The following data is to be repeated exactly, its pictures excluded.

## DATASET CONTENT

---

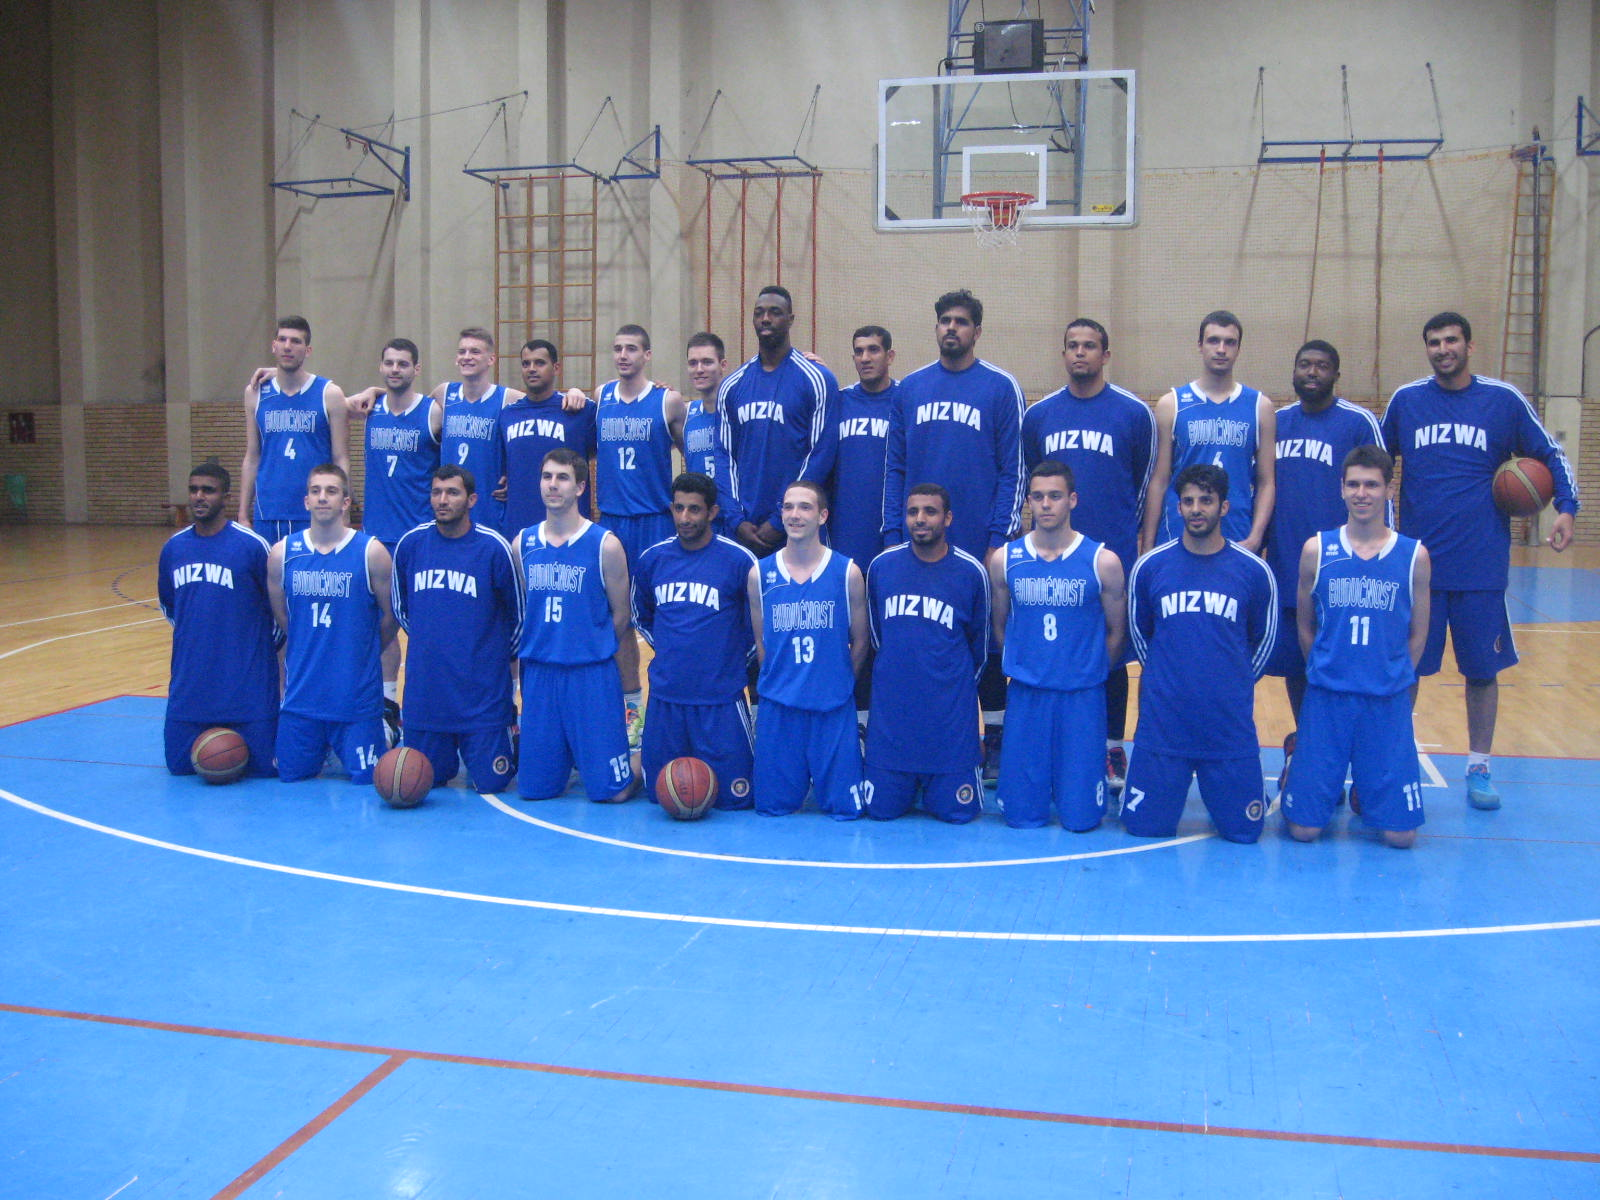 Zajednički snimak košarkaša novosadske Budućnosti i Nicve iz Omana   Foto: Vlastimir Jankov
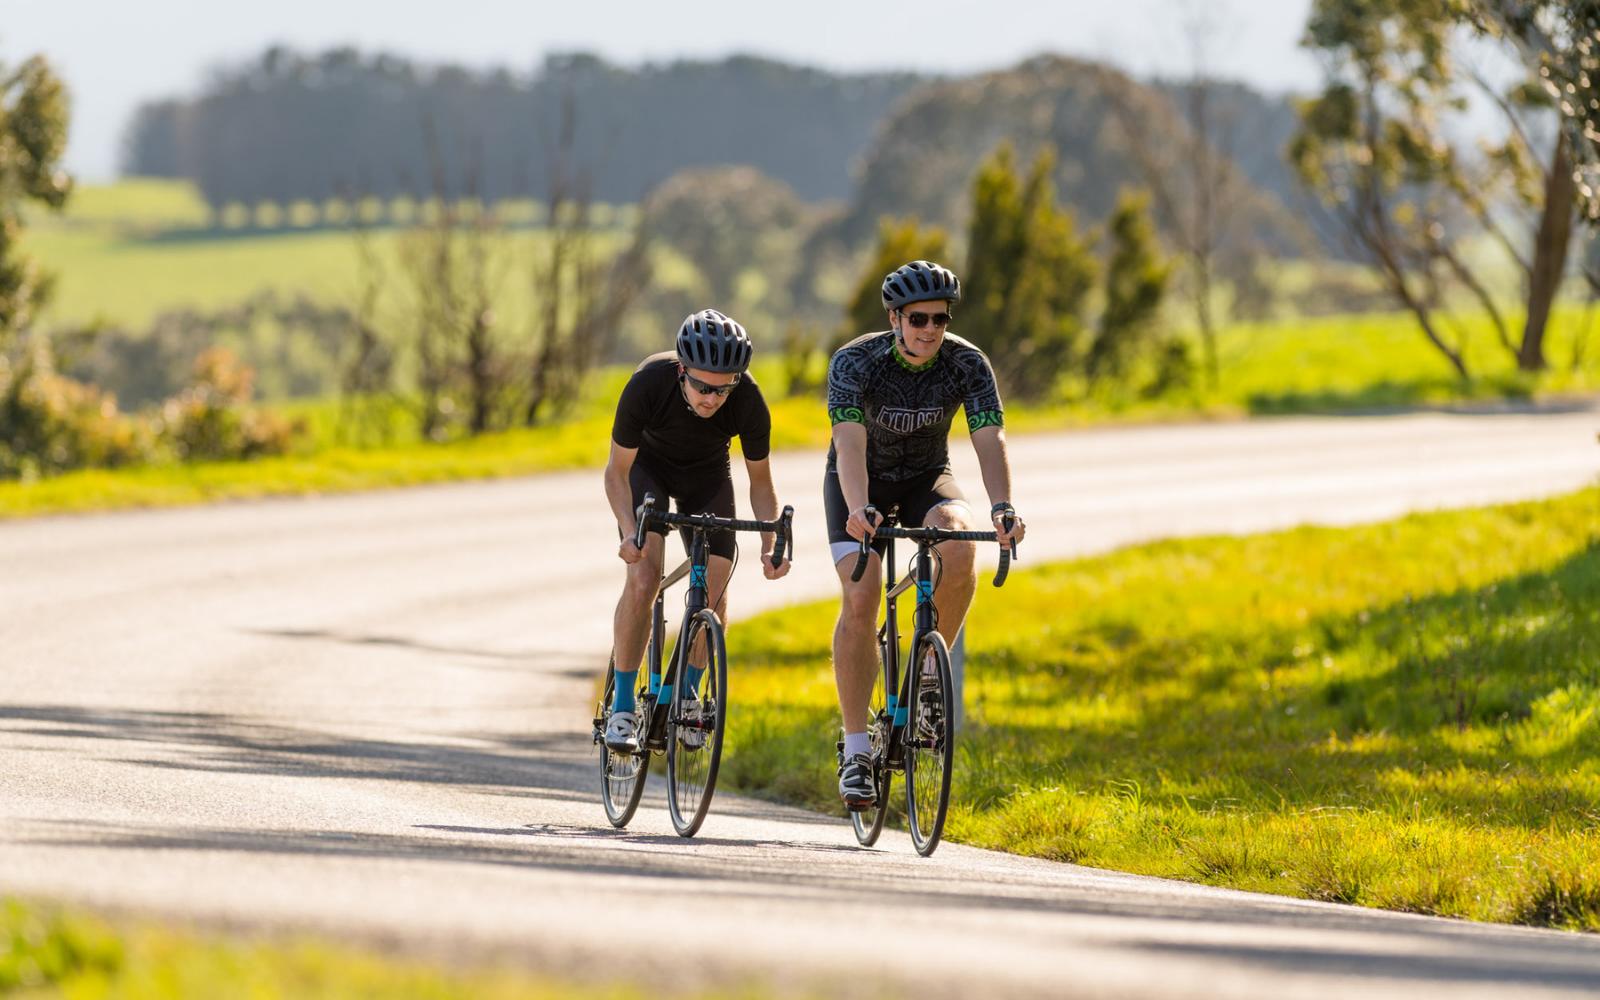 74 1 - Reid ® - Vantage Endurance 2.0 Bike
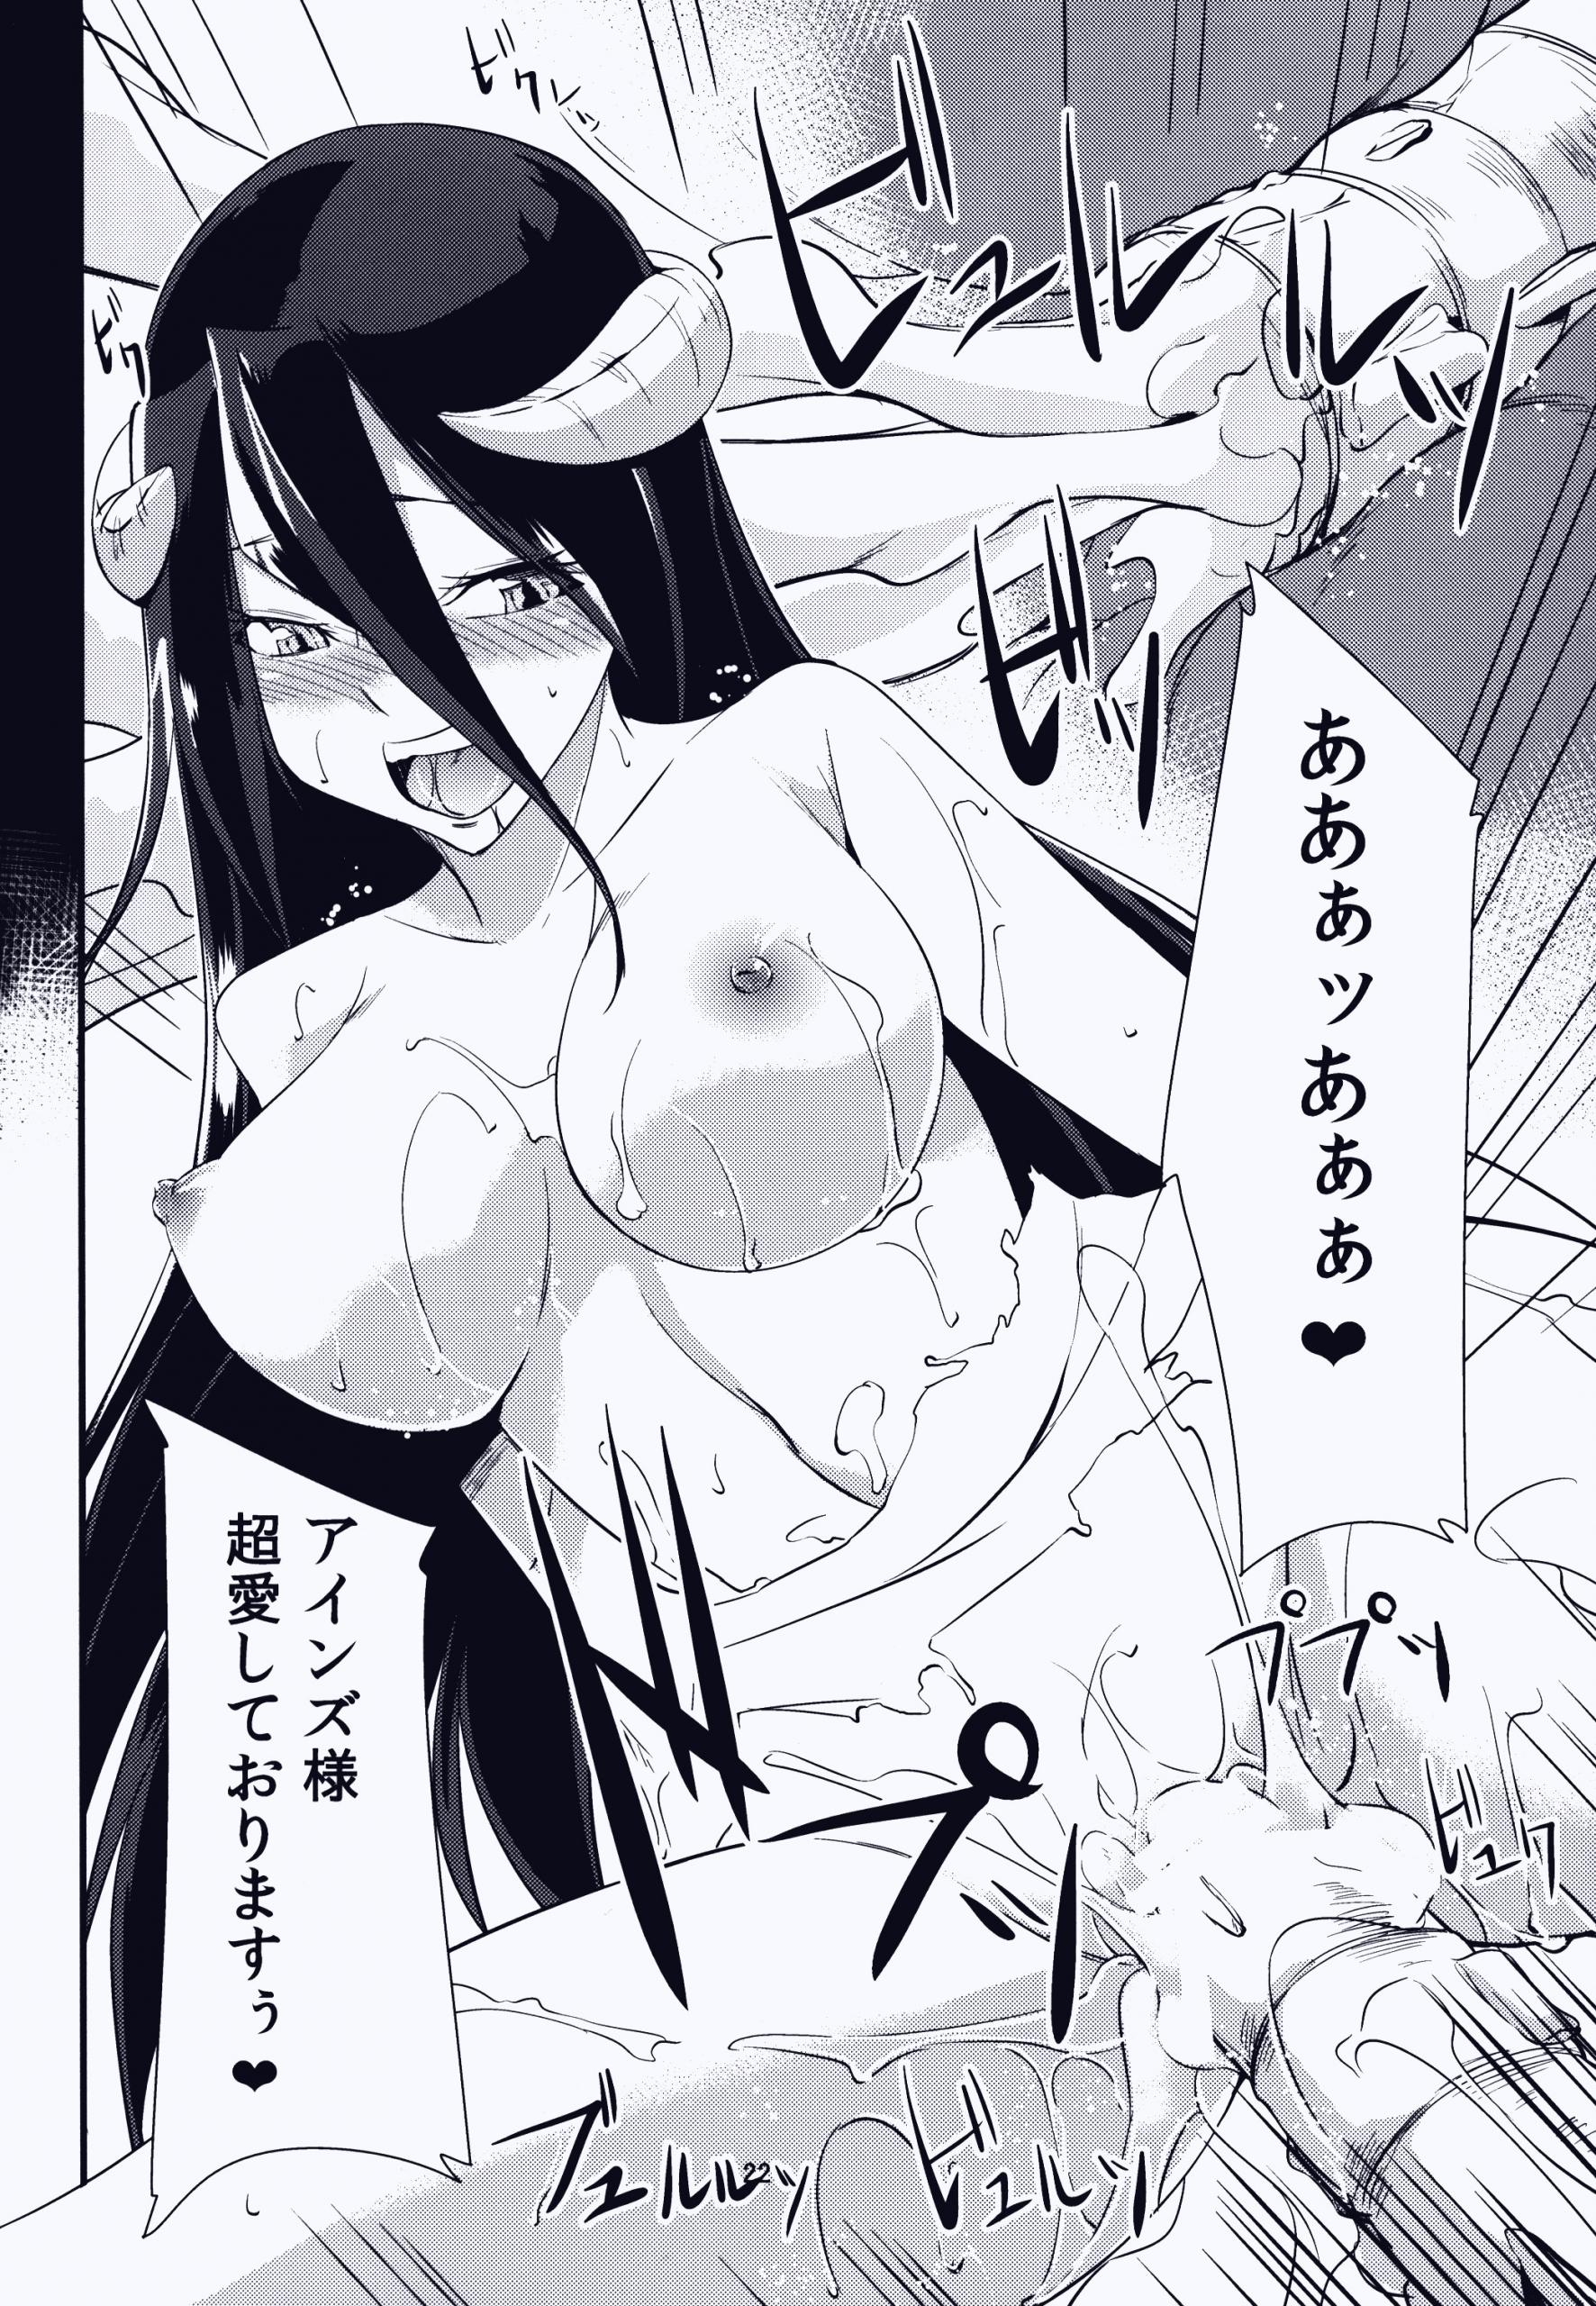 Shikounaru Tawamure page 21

---

## SOLUTION FOR THIS EXERCISE
 Zajednički snimak košarkaša novosadske Budućnosti i Nicve iz Omana   Foto: Vlastimir Jankov
 74 1 - Reid ® - Vantage Endurance 2.0 Bike
 Shikounaru Tawamure page 21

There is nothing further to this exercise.